▼

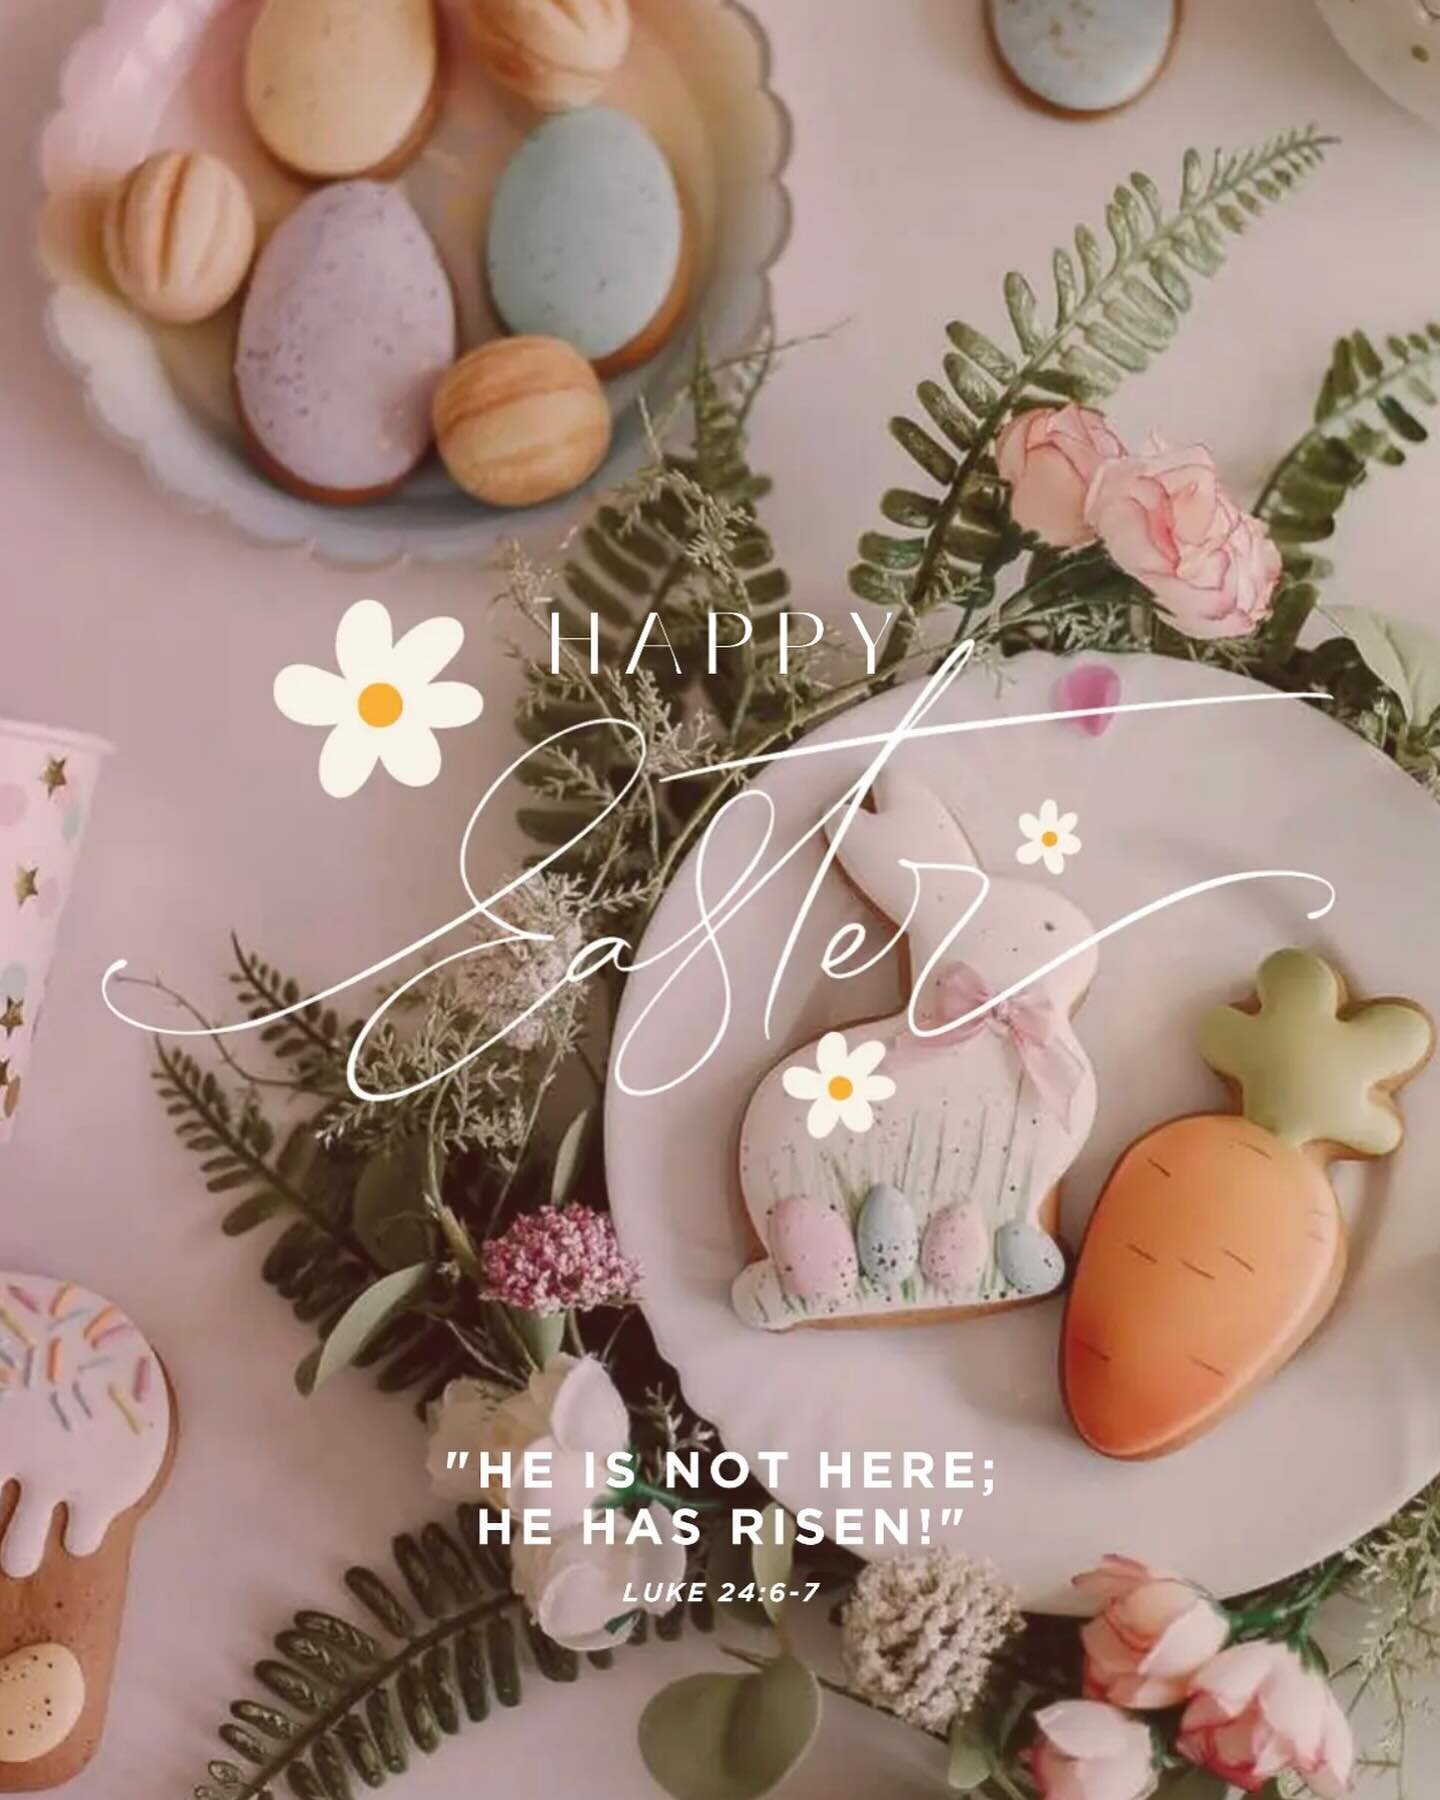 May your Easter be as sweet as chocolate eggs and as joyful as a blossoming spring! Wishing you all a beautiful day filled with love, laughter, and delightful moments. Happy Easter from all of us at Belle! 🐰🌷🐣
&bull;
&bull;
&bull;
✨ Email bellemag

▲

= Exercise aim =
Type out the entries again without a single change, and leave the pictures out.

= Solution to this task =
 May your Easter be as sweet as chocolate eggs and as joyful as a blossoming spring! Wishing you all a beautiful day filled with love, laughter, and delightful moments. Happy Easter from all of us at Belle! 🐰🌷🐣
&bull;
&bull;
&bull;
✨ Email bellemag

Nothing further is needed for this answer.